たんぱく質とは、アミノ酸がつながったものを言いますが、
その配列は同じなのだけど、その立体構造が異なります(構造異性体)。


今、『正常プリオン蛋白質』の働きは解明されていません。
『正常プリオン蛋白質』を持たないマウス(ノックアウトマウス)を
実験的に作っても、正常に発育します。

脳内に進入した『異常プリオン蛋白質』は、
『正常プリオン蛋白質』と結合し、結合した『正常プリオン蛋白質』を
『異常プリオン蛋白質』に変換してしまうのです。
この変換が、繰り返され、脳内に『異常プリオン蛋白質』が蓄積し、
発病に至ります。
すなわち、
『正常プリオン蛋白質』+『異常プリオン蛋白質』=『異常プリオン蛋白質』


ヒトも『正常プリオン蛋白質』をふつうに持っています。
動物の種を越えて、似通っています(高い相同性)。
似通っているがゆえに、
BSEをきたした牛の『異常プリオン蛋白質』が、
ヒトに伝達され、
同じ病気の範疇の『変異型クロイツフェルト・ヤコブ病』を
ヒトが発症することになります。
不思議なことに、BSEの牛から感染(伝達)するのは、
牛同士や、ヒトの他に、マウス、ラット、
ネコ、サル、ヤギ、羊などがありますが、
イヌやハムスターには、感染(伝達)しません。


では、BSE対策のポイントはどこか。
①BSE牛⇒牛 の感染を防ぐ
BSE牛から作られた汚染骨肉粉を用いない。
すなわち骨肉粉の慎重な取り扱い

②BSE牛⇒ヒト の感染を防ぐ
BSE牛からの食材を食べない。
とくに特定危険部位
(脳、脊髄、眼、小腸の末端部位、扁桃など)は、食べない。

③感染したヒト⇒ヒト の感染を防ぐ
(BSE牛から感染したヒトを、
変異型クロイツフェルト・ヤコブ病と言います。

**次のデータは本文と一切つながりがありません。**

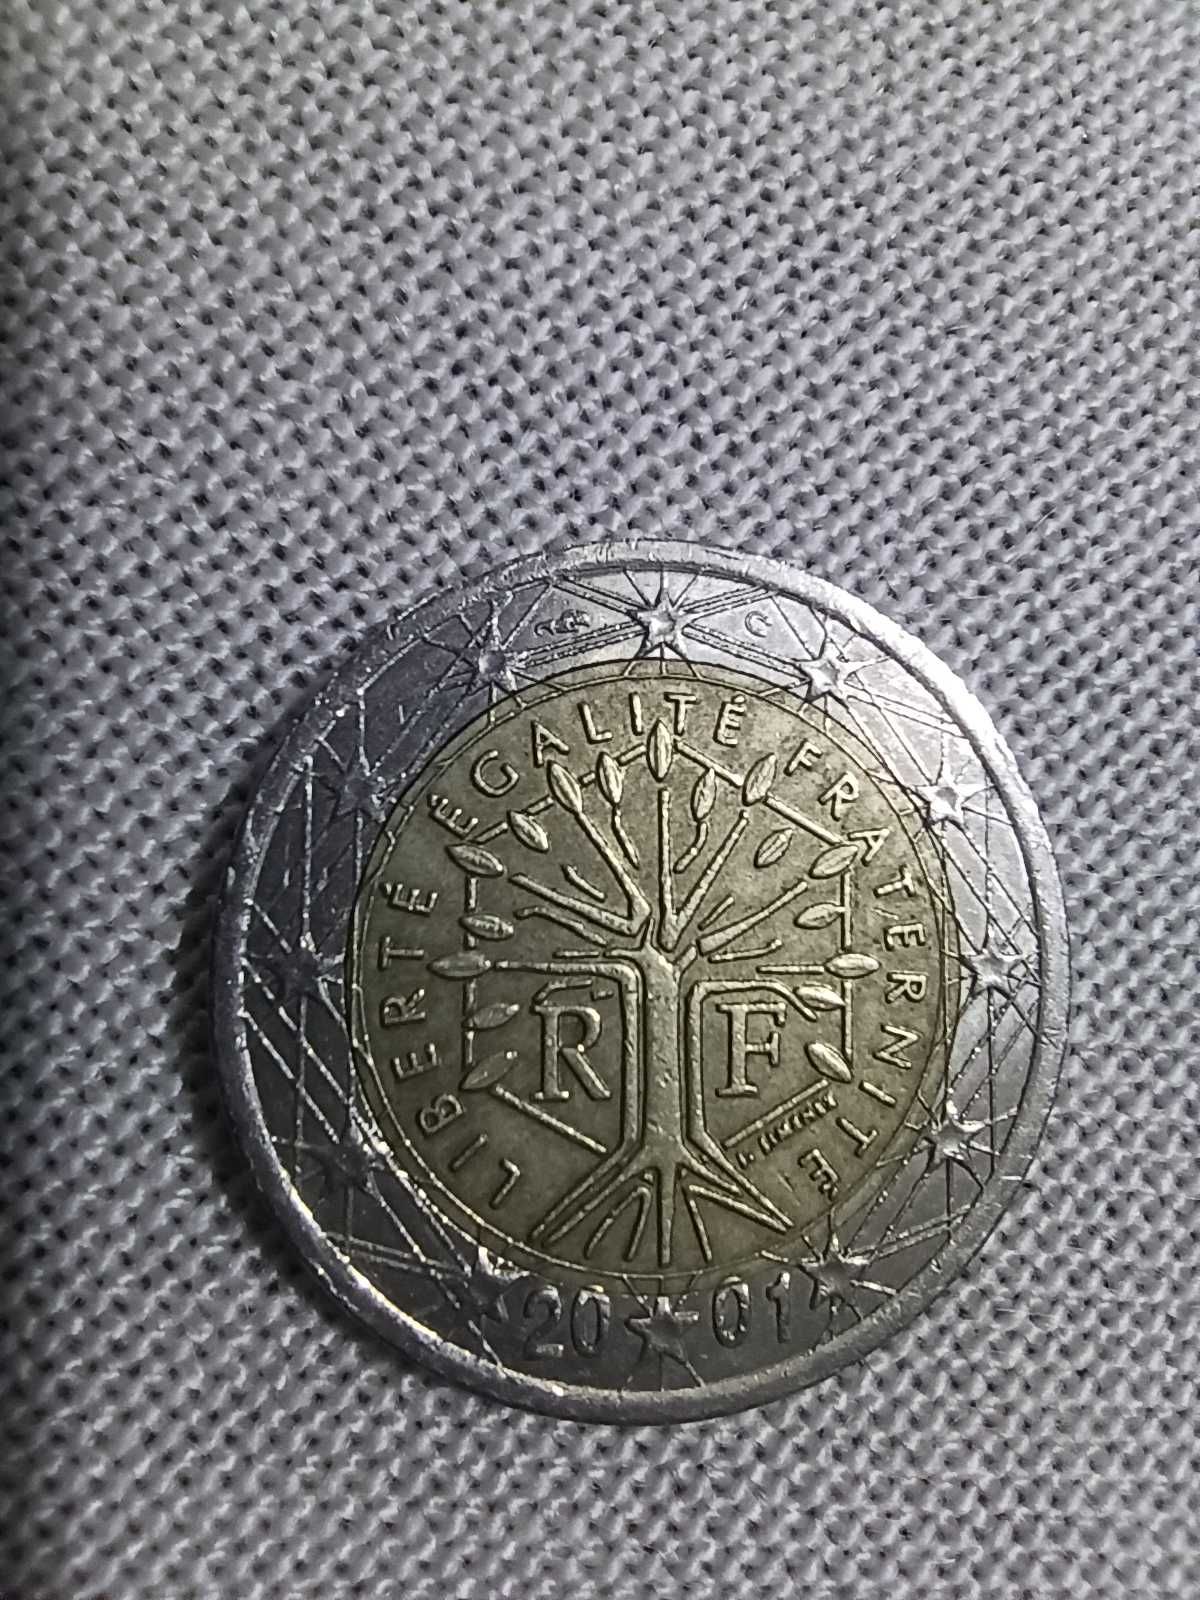 2 Euro moneta Liberte Egalite Fraternite 2001

)
感染したヒトからの輸血をしない。
感染したヒトに用いた医療器具は、
プリオンを不活化を十分にして用いる。

以上、

BSEのまとめでした。



②BSE牛⇒ヒトでいうと、
現在、日本の肉牛を食材にした時、
その肉牛をすべて検査に出し、
BSEでないか、チェックしていると
聞きます。
調べるからには、
肉の食材には、きちんとした
“トレーサビリィティー”の
確立が大切です。

プリオンを食べなければ、
発症しません。
食の安全をきちんと守れば、
きちんと対処できる病気なのに、
食の安全をおろそかにするヒトや国があると、
ヒトを死に至らしめる恐ろしい病気になります。

政府はそのあたりをきちんと行う、
チェックする責任があります。
治療薬がない以上、
BSEから国民を守ることができるのは、政府です。